5. Security of Data Processing
5.1 Akeyless has implemented and maintains the technical and organisational measures for the Akeyless Service as described in the Akeyless Security Standards and this Section. In particular, Akeyless has implemented and maintains the following technical and organisational measures:
(a) security of the Akeyless Service as set out in Section 1.1 of the Akeyless Security Standards;
(b) measures to control access rights for Akeyless employees and contractors in relation to the Akeyless Service as set out in Section 1.1 of the Akeyless Security Standards; and
(c) processes for periodic testing, assessing and evaluating the effectiveness of the technical and organisational measures implemented by Akeyless as described in Section 2 of the Akeyless Security Standards.
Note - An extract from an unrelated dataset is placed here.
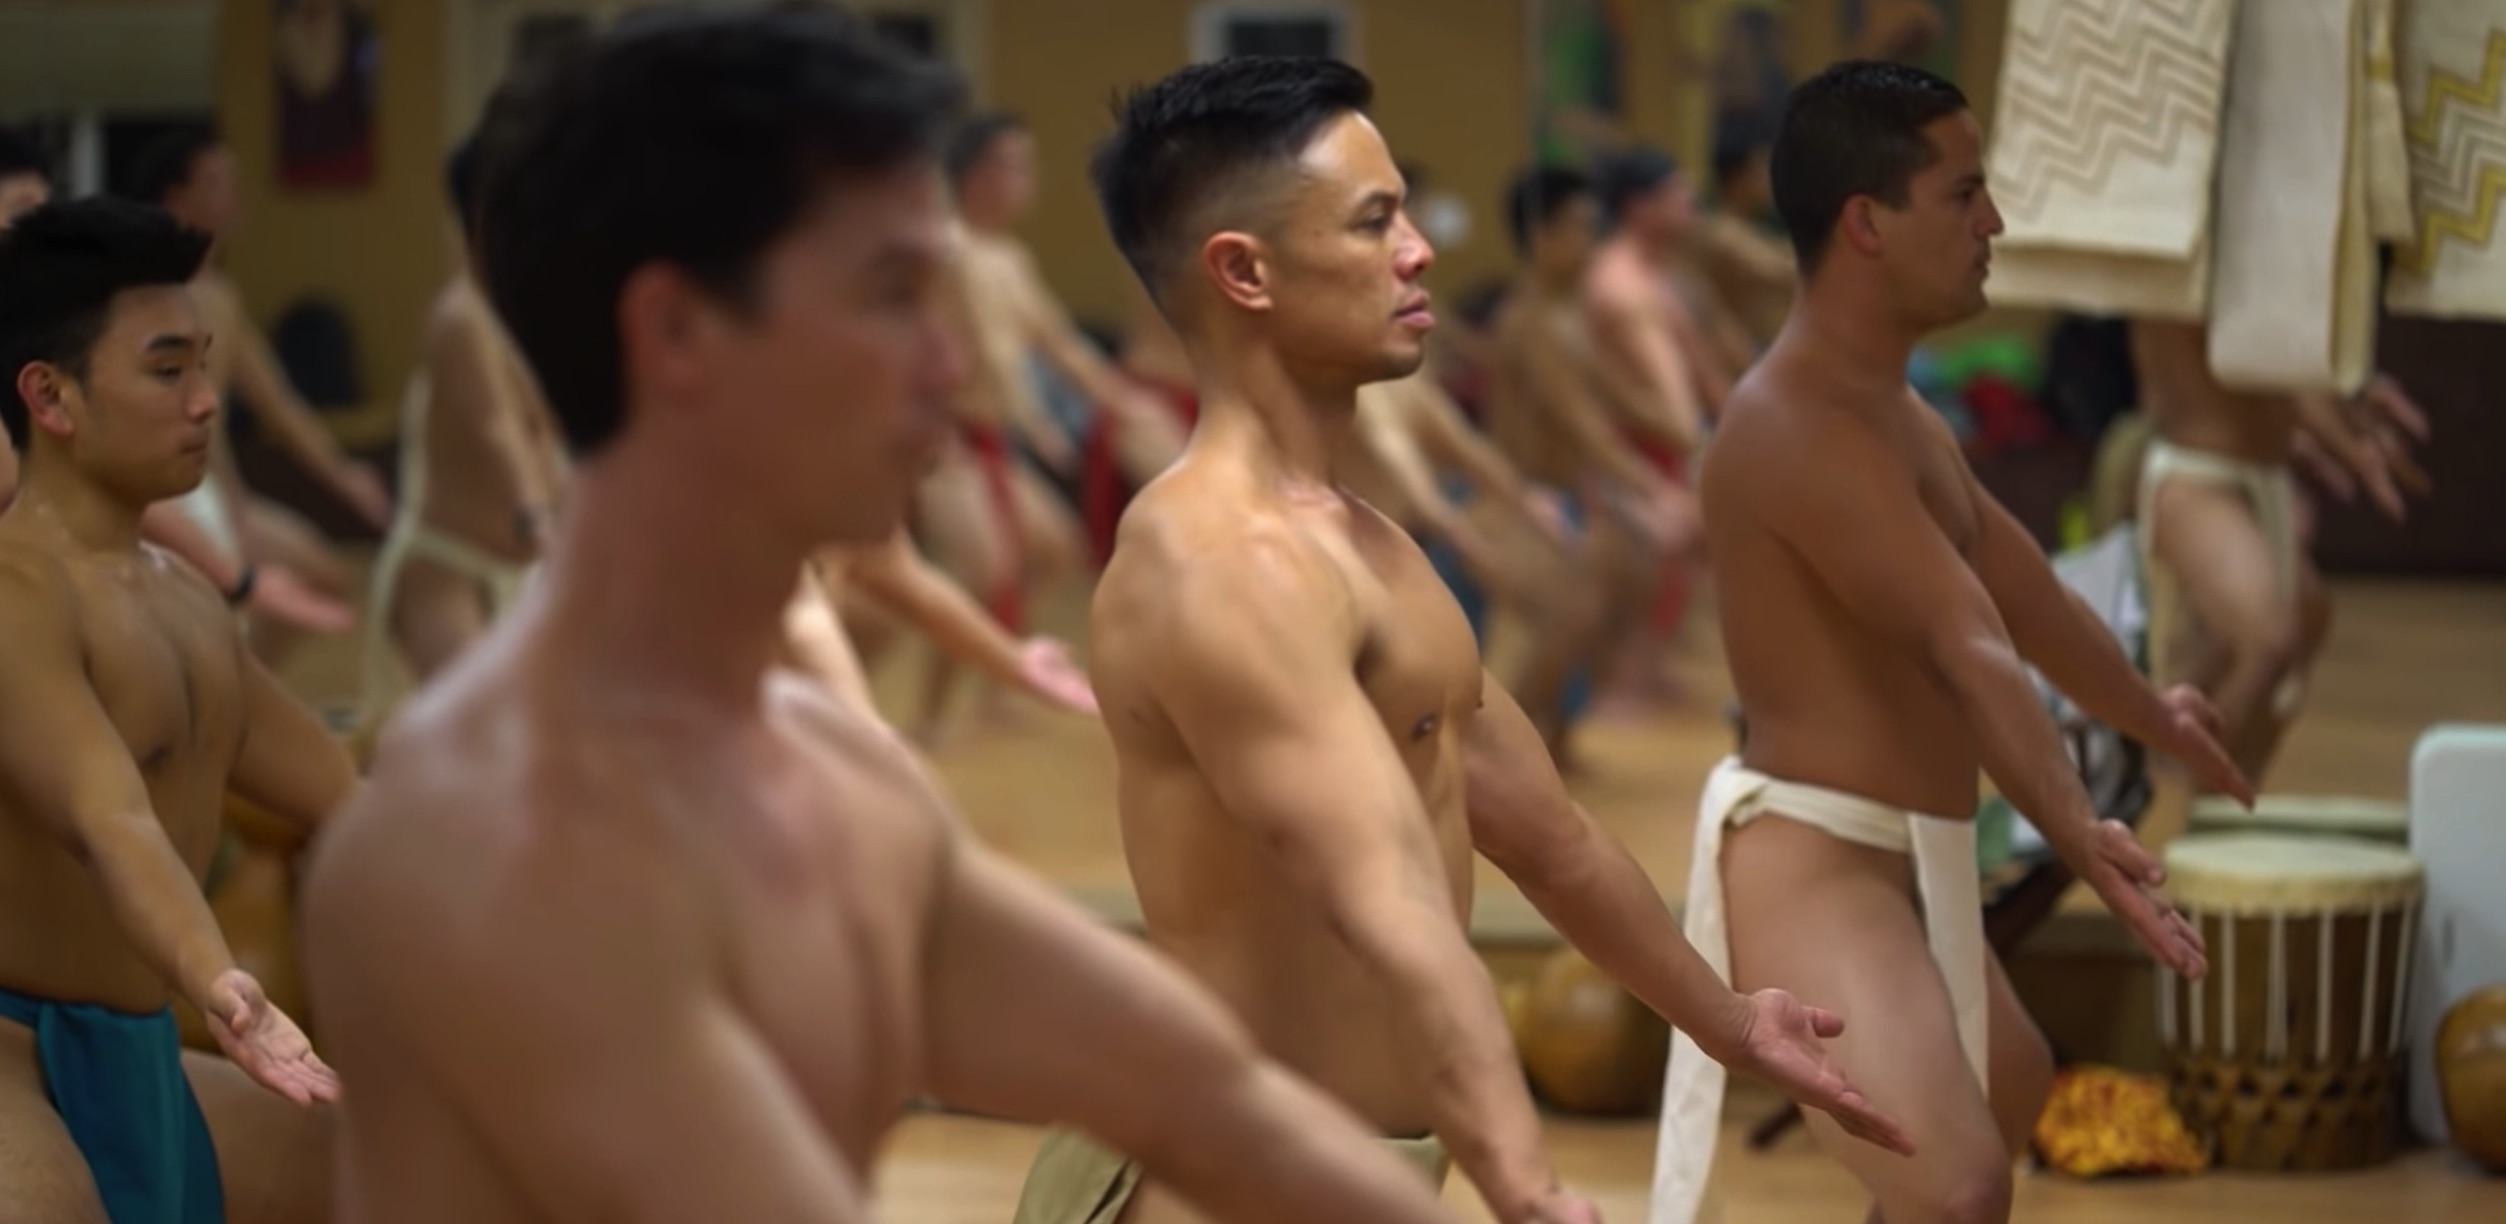 Hula Dance Nude Porn - Beautiful men rehearse hula dancing (brief, no sex) - ThisVid.com

5.2 Customer may elect to implement technical and organisational measures in relation to Customer Data. Such technical and organisational measures include the following which may be obtained by Customer from Akeyless as described in the Documentation, or directly from a third party supplier:
(a) Utilizing Akeyless Distributed Fragments Cryptography encryption with Customer Fragment to ensure an appropriate level of security;
(b) measures to ensure the ongoing confidentiality, integrity, availability and resilience of the processing systems and services that are being operated by Customer, specifically the API-Gateway;
(c) measures to allow Customer to backup and archive appropriately in order to restore availability and access to Customer Data in a timely manner in the event of a physical or technical incident; and
(d) processes for regularly testing, assessing and evaluating the effectiveness of the technical and organisational measures implemented by Customer.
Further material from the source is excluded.